Seven-Up has accused Coca-Cola of scheming to make its sales go flat.
Seven-Up Co. filed a lawsuit seeking $500 million in punitive damages from Coca-Cola Co. for misleading bottling companies that sell both sodas.The company, a unit of Dallas-based Dr Pepper/Seven-Up Cos., said its giant rival is campaigning to persuade bottlers to sell only Coca-Cola products, including Sprite, the lemon-lime drink that directly competes with its 7Up.
The suit accuses Coca-Cola of interference with Seven-Up's contracts, unfair competition and publication of false statements about Seven-Up.
"Their actions are aimed at a significant portion of our distribution system," said John Nabors, a Dallas attorney representing the company. About 8 percent of Seven-Up bottlers are also licensed to Coca-Cola, he said.
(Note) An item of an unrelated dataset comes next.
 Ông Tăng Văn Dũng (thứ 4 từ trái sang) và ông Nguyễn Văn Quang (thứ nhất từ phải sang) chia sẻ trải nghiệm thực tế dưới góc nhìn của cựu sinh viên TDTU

Randy Donaldson, spokesman for Atlanta-based Coca-Cola, said the company had not seen the suit late Thursday and could not respond to its allegations.
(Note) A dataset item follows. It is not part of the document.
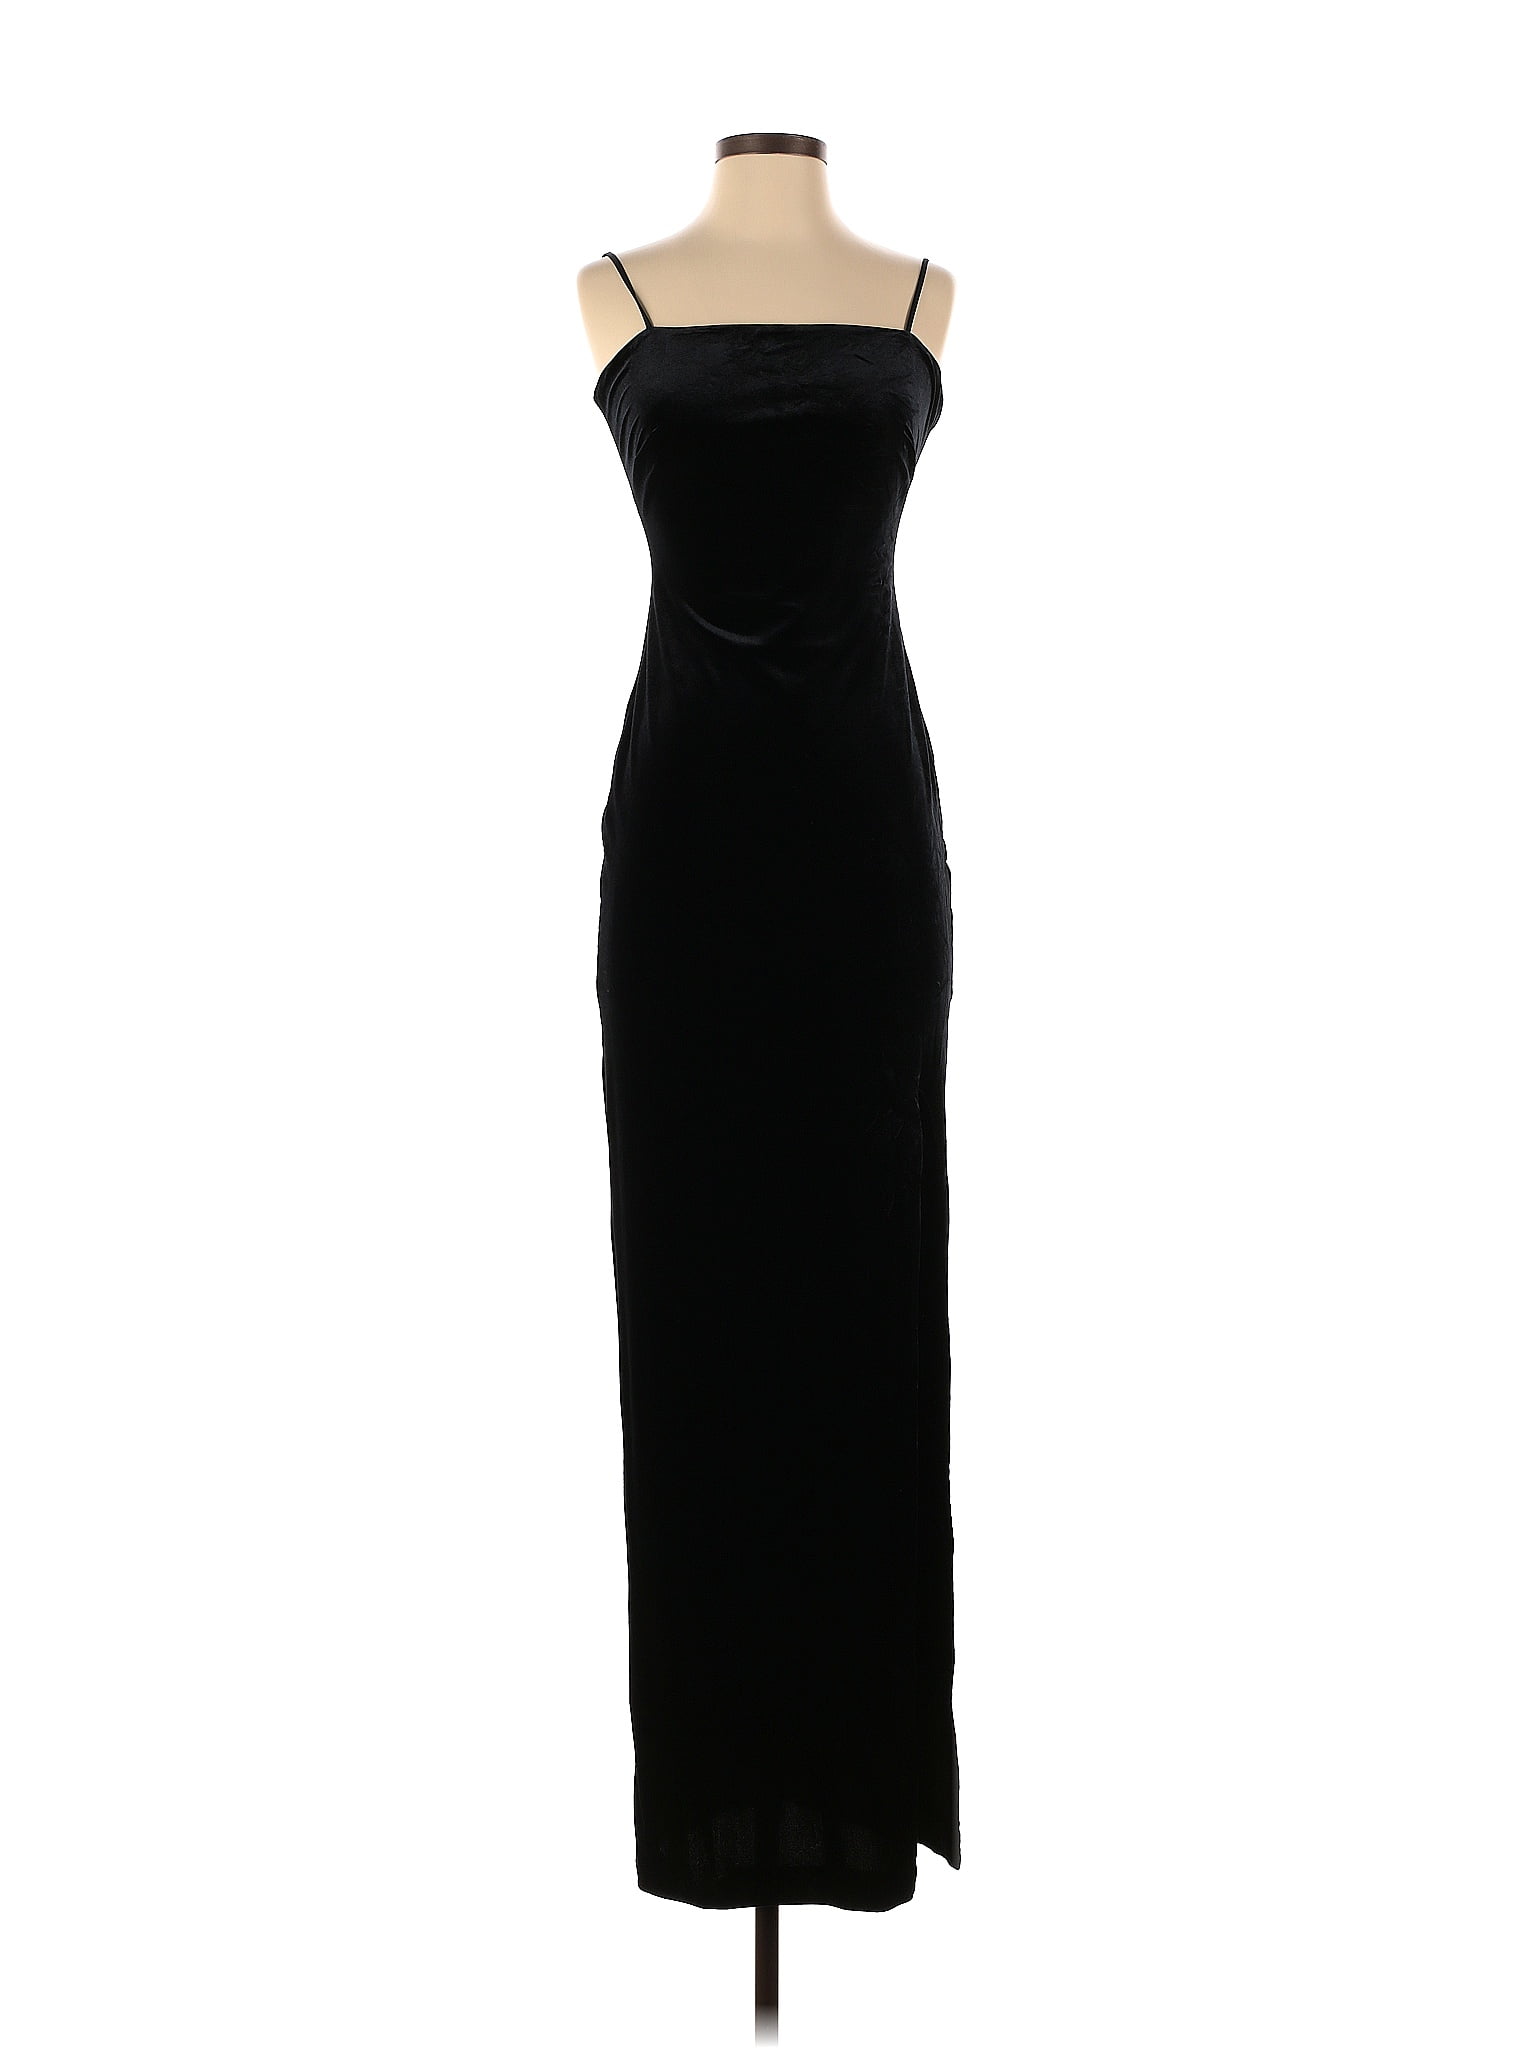 Nicole Miller Solid Black Velvet Scoop Back Gown Size 0 - 81% off | ThredUp

The suit says Coca-Cola presented a bottling company in Nacogdoches, Texas, with false statements and materials to persuade the company to terminate its 20-year relationship with Seven-Up.
The Nacogdoches bottler quit its contract with Seven-Up in early January, the first time in Seven-Up history a bottler had done so, according to the suit.
The suit said Coca-Cola's "The Future Belongs to Sprite" campaign is forcing bottlers to choose between Coke products and Seven-Up. Faced with that choice, bottlers for economic reasons would naturally choose the larger company, the suit contends.
Coca-Cola's lemon-lime drink Sprite captured 3.9 percent of the total soft-drink market in 1991 and Seven-Up's 7Up had 2.6 percent, according to Beverage Digest. All Coca-Cola products captured 41 percent of the soft drink market last year, the trade journal said in January.